Дверь приоткрывается, высовывает голову какая-то баба, без возраста, просто баба, и говорит: «Чего орешь? Иди что ли! Иди!»
Я не понимаю, гонят меня или, наоборот, приглашают, но послушно иду за бабой и оказываюсь в комнате и сразу же пугаюсь: на столе, сложив руки на груди, лежит покойник-мужик, бородатый и спокойный, а в руках у него зажата свечка. А по бороде и по лицу прямо ползут белые крупные вши, Но вши с мертвых, я знаю, никогда не переползают на живых. Это их вши. А вот покойник меня пугает. Я трясусь.
— Ниче, ниче, — говорит мне баба и, закрыв ладонью глаза, проводит мимо покойника в кухню, сует мне одежду. — На! Энто ему ни к чему! Раз пришел, то бери! Грейся!
Меня кормят тошнотиками — блины из мороженого картофеля с примесью очистков, травы, коры и тому подобного, Они сладковатые и отдают гнилью. Но я ем и думаю о покойнике, что сейчас я в его спадающих штанах и в его телогрейке с огромными дырами пойду мимо, и мне заранее страшно.
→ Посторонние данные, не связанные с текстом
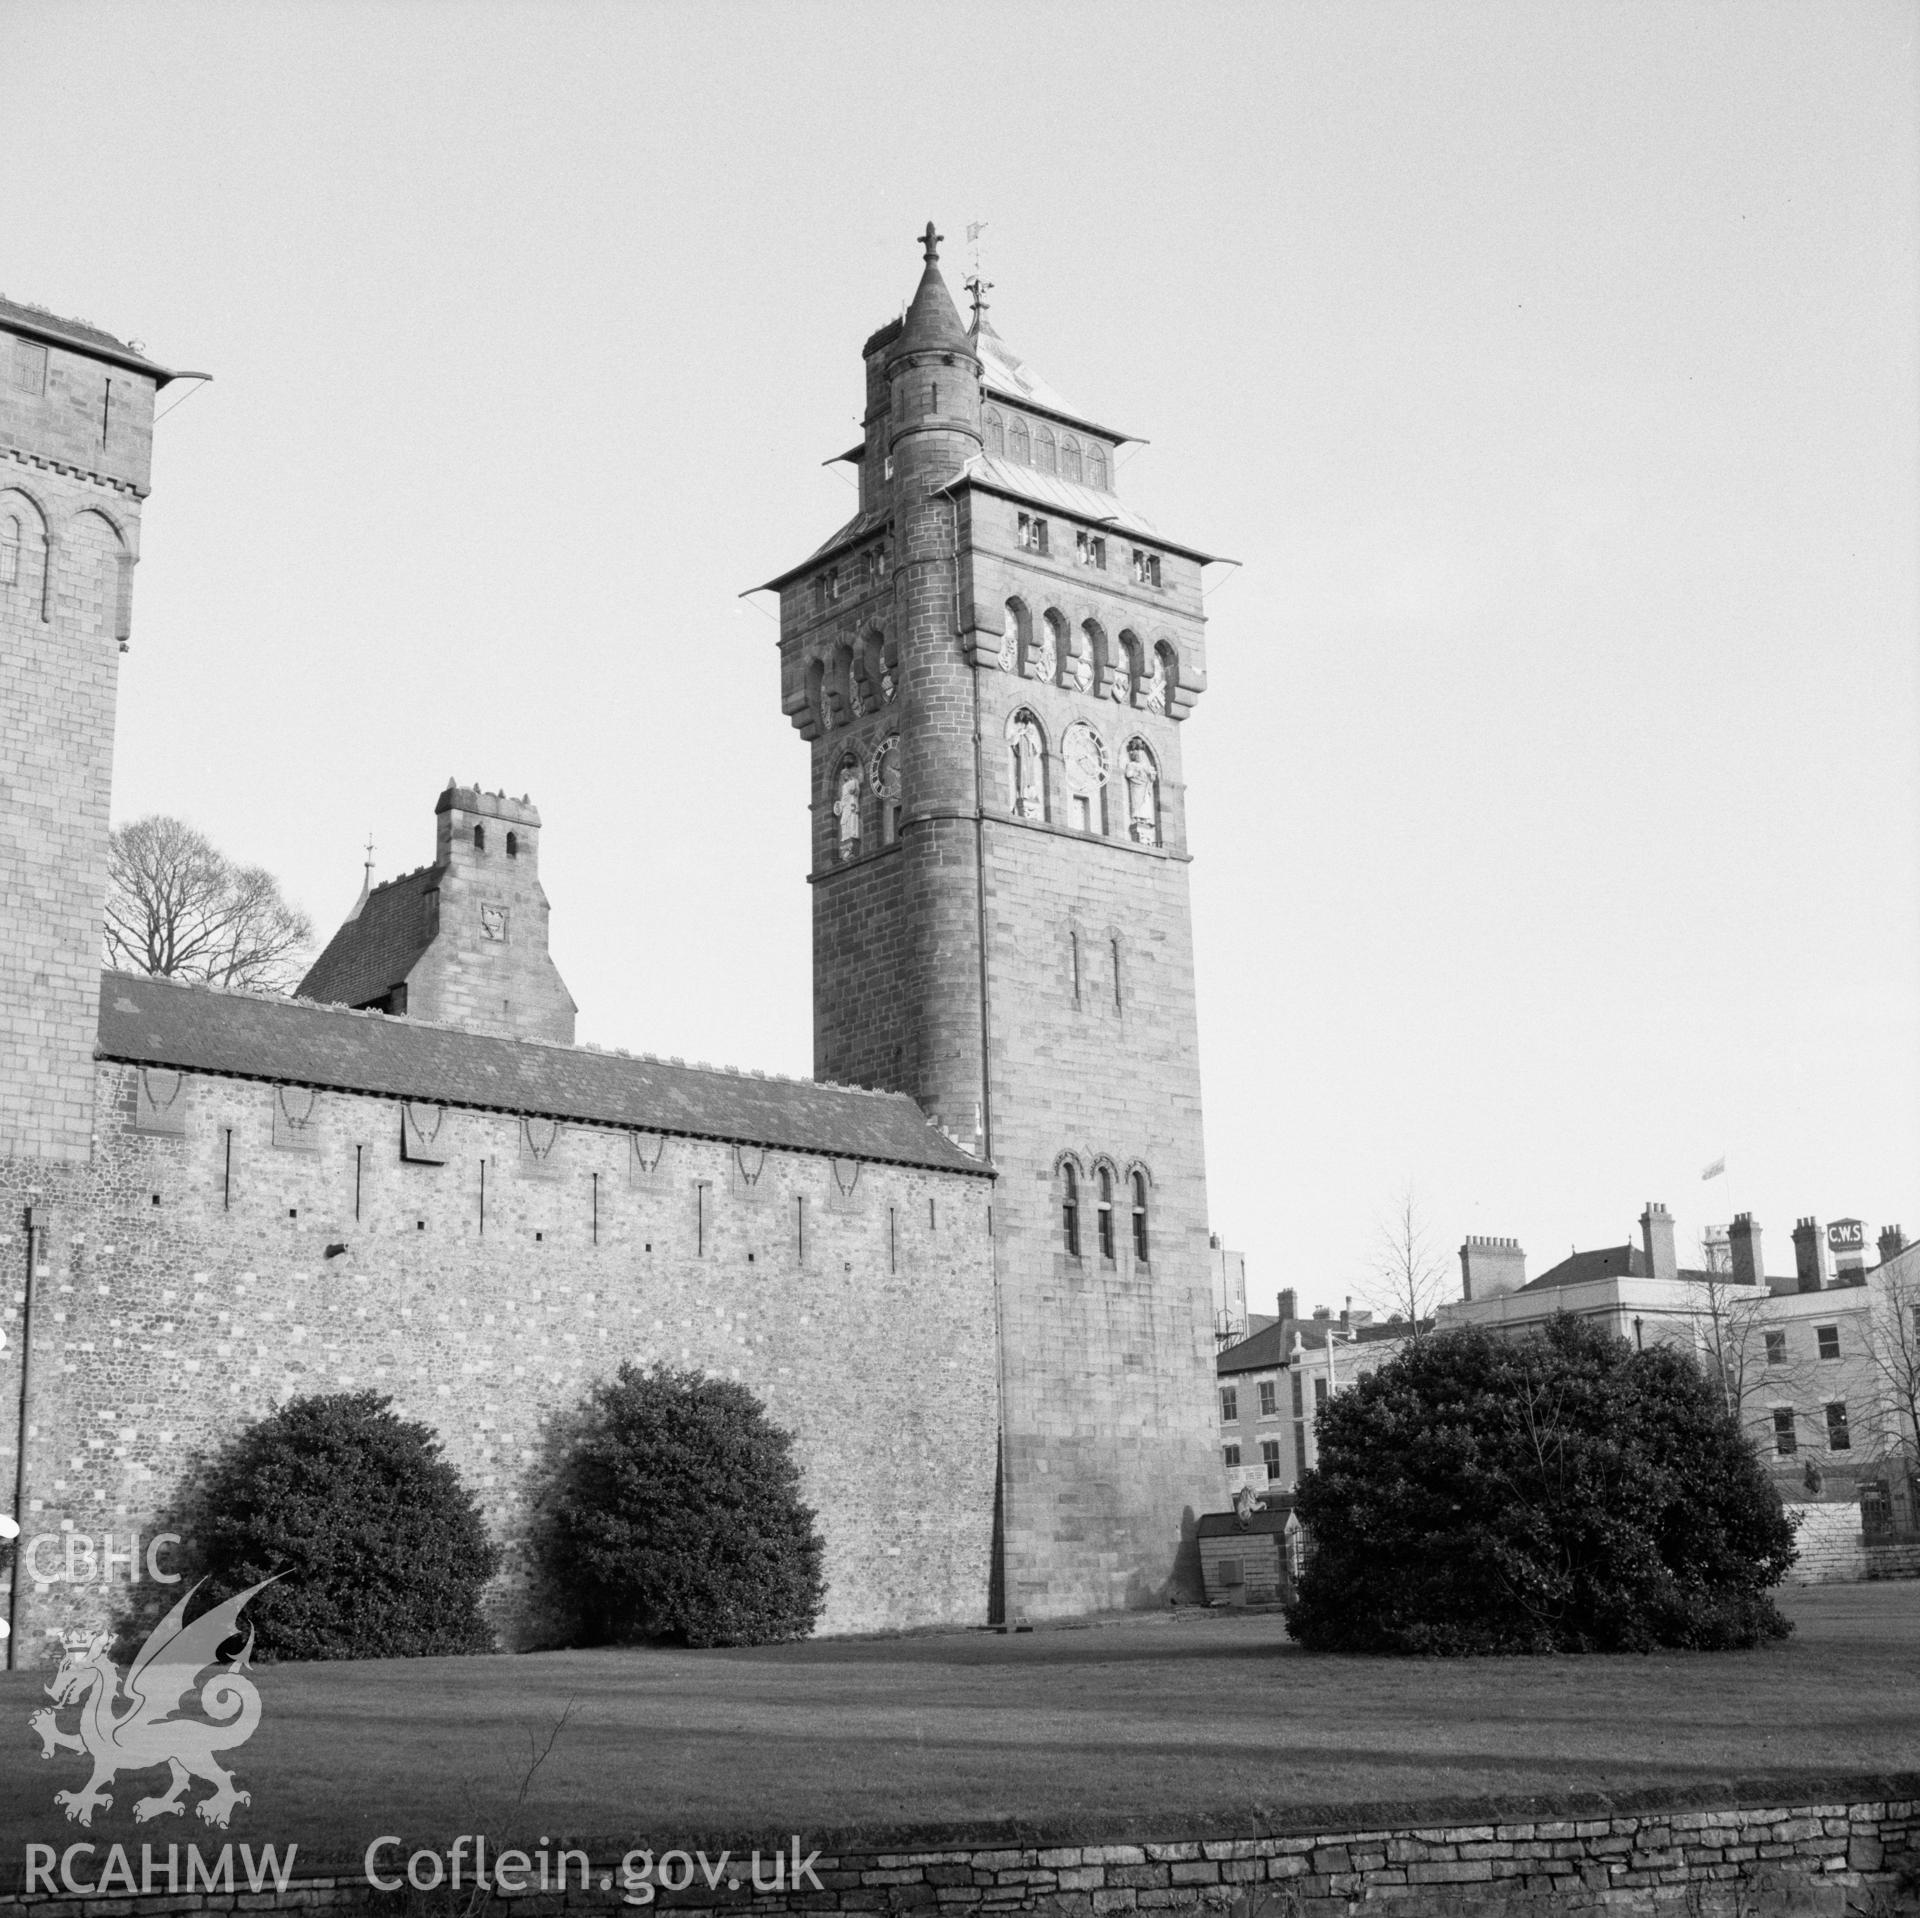 Digital copy of a black and white photograph showing Bute Tower at Cardiff Castle, taken 21st February 1966.

Но баба снова закрывает мне глаза, проводит через комнату и выпихивает на крыльцо.
— Ступай, — говорит она, — помяни, сирота, нас молитвой. Ангел ты мой безгрешный. Не жилец ты на земле-то… Не жилец, ох!
…Я вздрагиваю от стука в дверь и уже явно знаю, что это пришел Сидоров.
Еще я знаю, что он не любит меня и мои появления в этом доме.
А Вера, забитая и тоже вечно больная и несчастная Вера, не может меня защитить, она и голоска за меня не подаст, только вздохнет, отводя глаза.
Вот и теперь уж слышу, с порога ее Сидоров сопит, исподлобья колет меня глазами, и, отодвигая свои миражи и кутаясь в покойников ватник, я пытаюсь встать, а ноги, ноженьки мои деревянные, меня совсем не слушаются.